Knowledge base (RAG)
Upload documents (.txt, .md, .json, .csv, and more) to build a local knowledge base. Documents are chunked, embedded using a dedicated embedding model (Qwen3-Embedding-0.6B), and stored in IndexedDB — everything stays in your browser. When RAG is enabled, each query triggers a hybrid search (70% semantic similarity + 30% keyword overlap) and the most relevant chunks are injected into the prompt. Toggle RAG on/off from the Knowledge Base section in settings. Documents persist across page reloads; the embedding model is cached after the first download. Chunks are cached in memory after the first retrieval for fast subsequent queries.
System prompts
Choose from built-in presets (Coding Assistant, Writing Editor, Translator, Concise Mode) or write a custom system prompt.
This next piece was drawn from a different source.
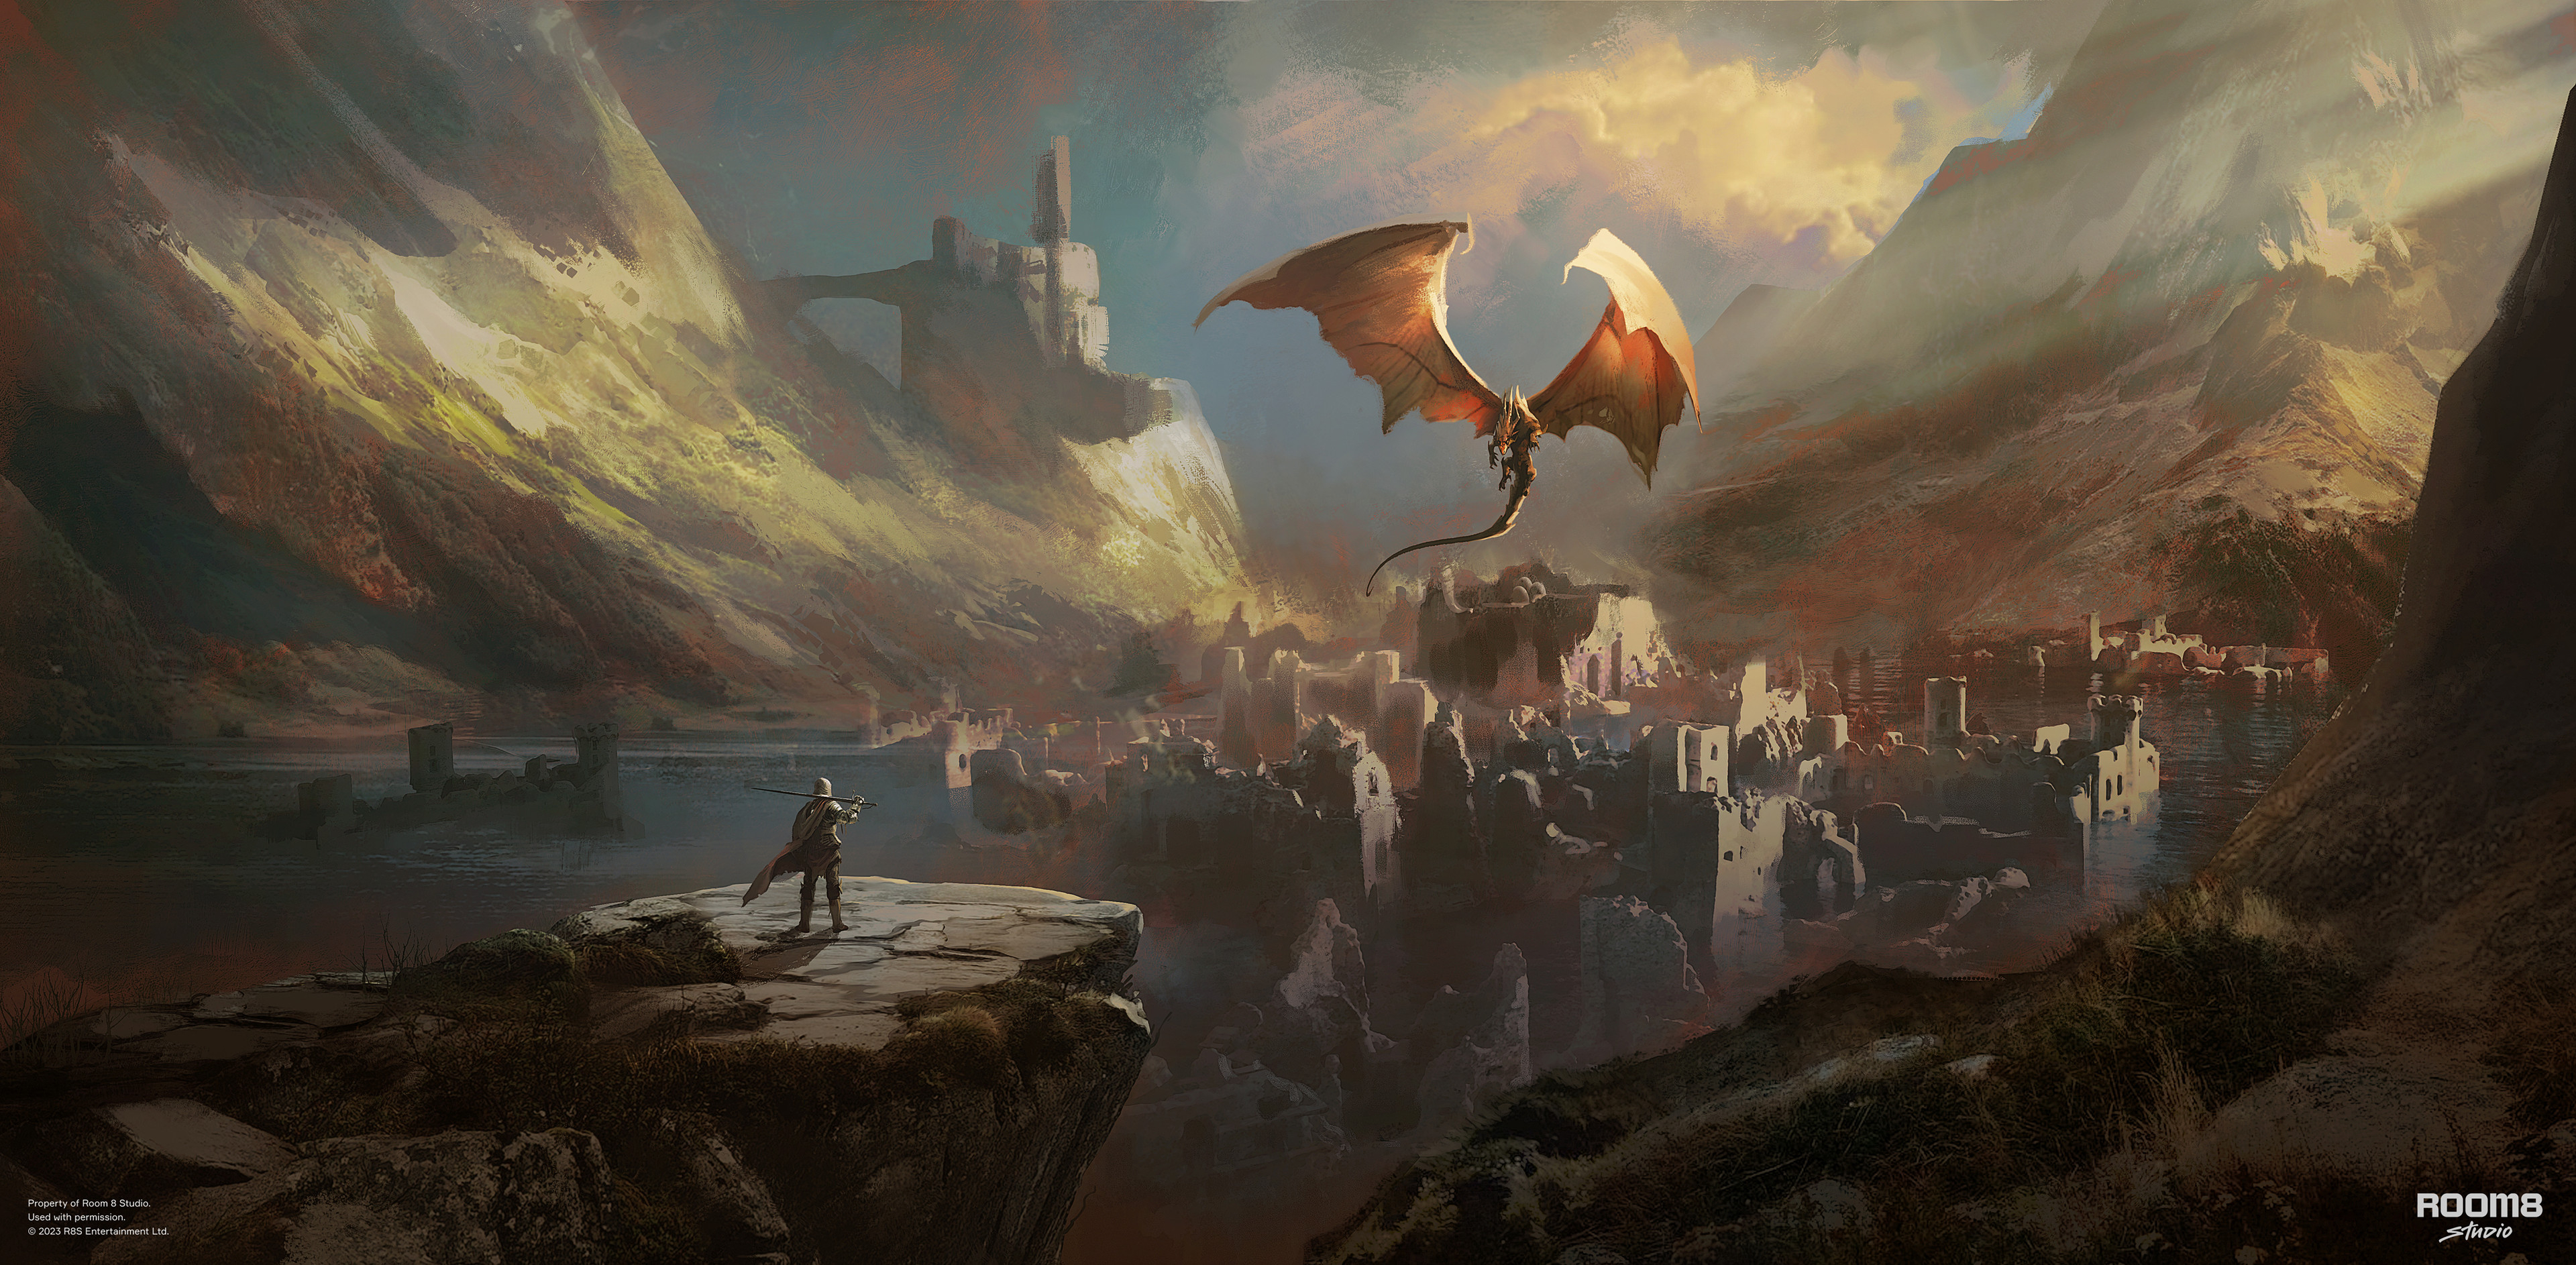 fantasy dragon desktop wallpaper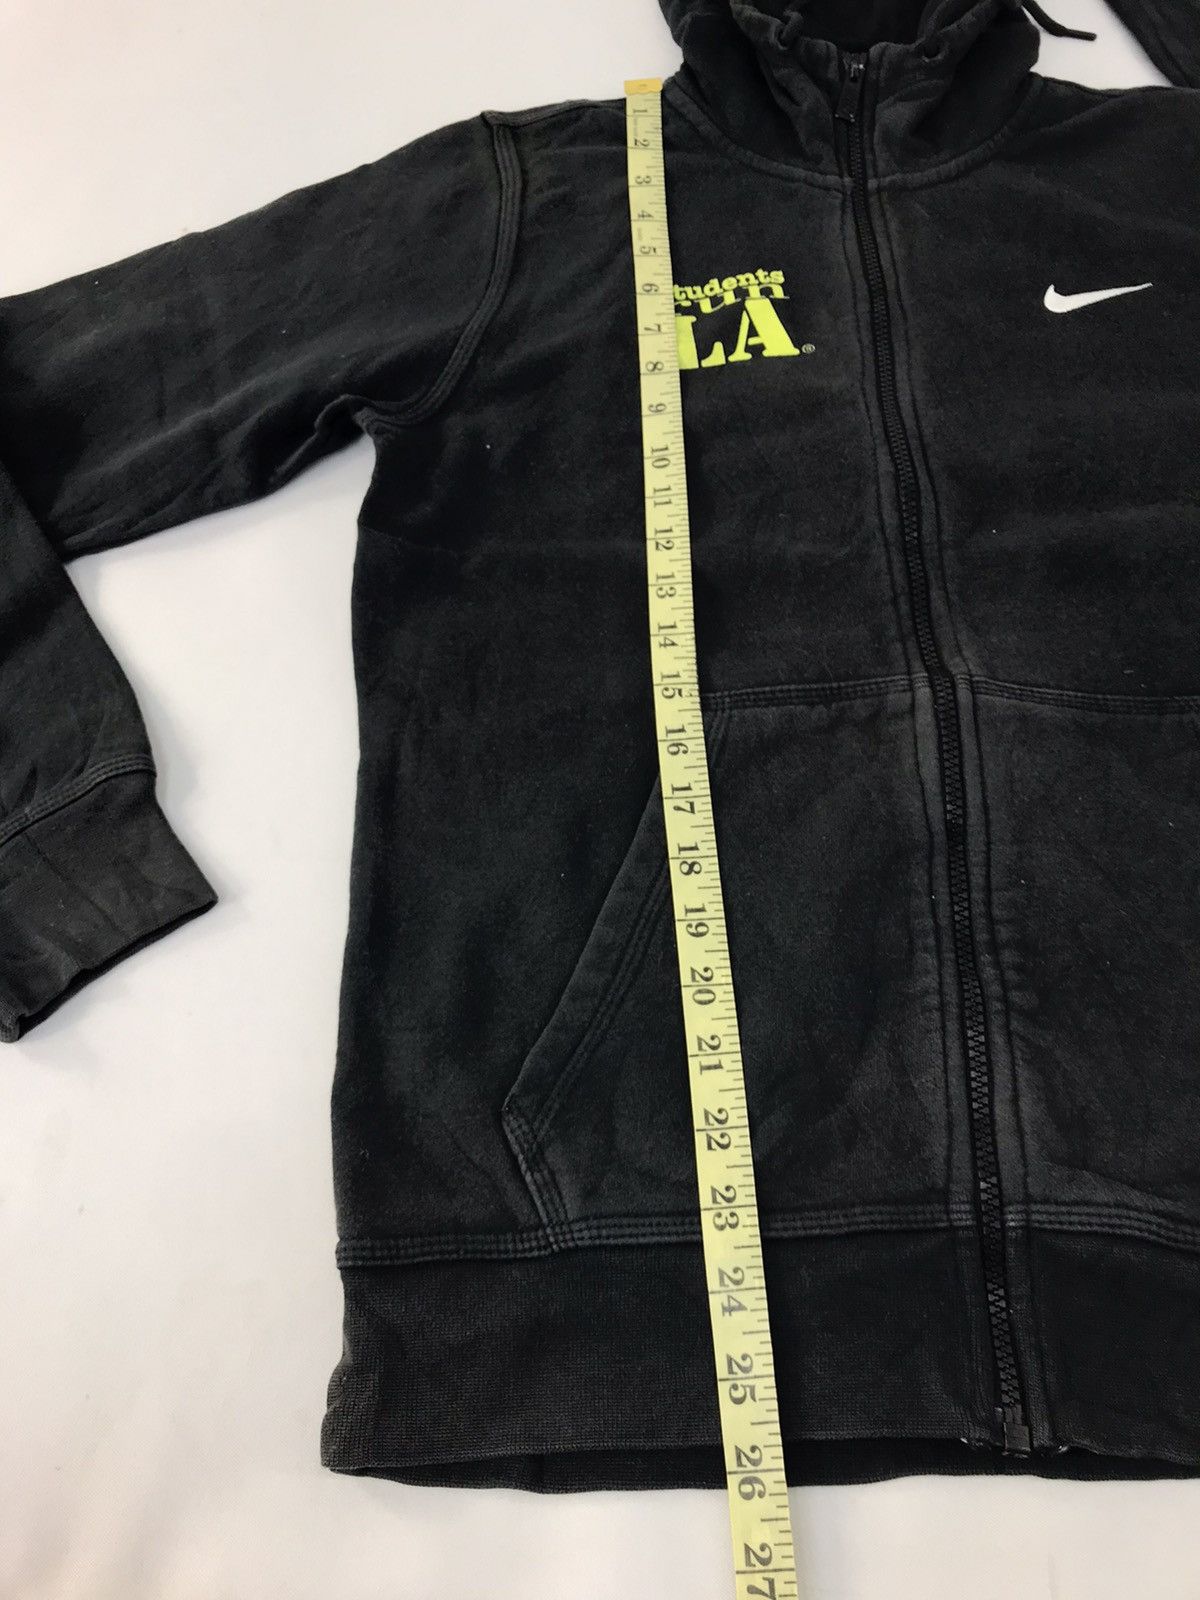 Nike Nike Marathon Finisher Student Run LA Hoodies Jacket Zip Up Size US M / EU 48-50 / 2 - 13 Thumbnail

Collapsed by default in the settings panel above the chat. Typing a custom prompt switches the dropdown to "Custom" automatically. System prompts are available on models with strong instruction adherence (Qwen3.5 4B, Gemma 4 E2B/E4B) — the section is disabled for smaller models that don't reliably follow them.
Generation controls
Adjust temperature, top-p, and max tokens via sliders in the settings panel. Defaults are sensible but tunable per conversation.
Markdown rendering
Assistant responses are rendered as formatted markdown — headings, lists, code blocks with syntax highlighting, tables, and inline formatting all display properly.
Conversation export
Export the current conversation as a .md file with a single click. Messages are formatted with role headers and timestamps.
Conversation persistence
Conversations are automatically saved to IndexedDB. Reopen the browser and pick up where you left off. Manage saved conversations from the history panel.
Document context
Drag and drop a file onto the chat (or use the attach button) to inject its contents as context. Supports text, markdown, code, CSV, and JSON files (up to 50 KB). When a multimodal model is active, dropped images are routed to the image attachment system instead.
Token count
A live estimate of the current context window usage is displayed below the chat input, with a visual progress bar and warning thresholds.
Stop generation
Interrupt a response mid-stream with the stop button. Works with both backends (WebLLM and Transformers.js).
Browser requirements
WebGPU is required for GPU-accelerated inference. Supported browsers:
- Chrome 113+
- Edge 113+
Other Chromium-based browsers with WebGPU support may also work. Safari and Firefox do not yet fully support WebGPU.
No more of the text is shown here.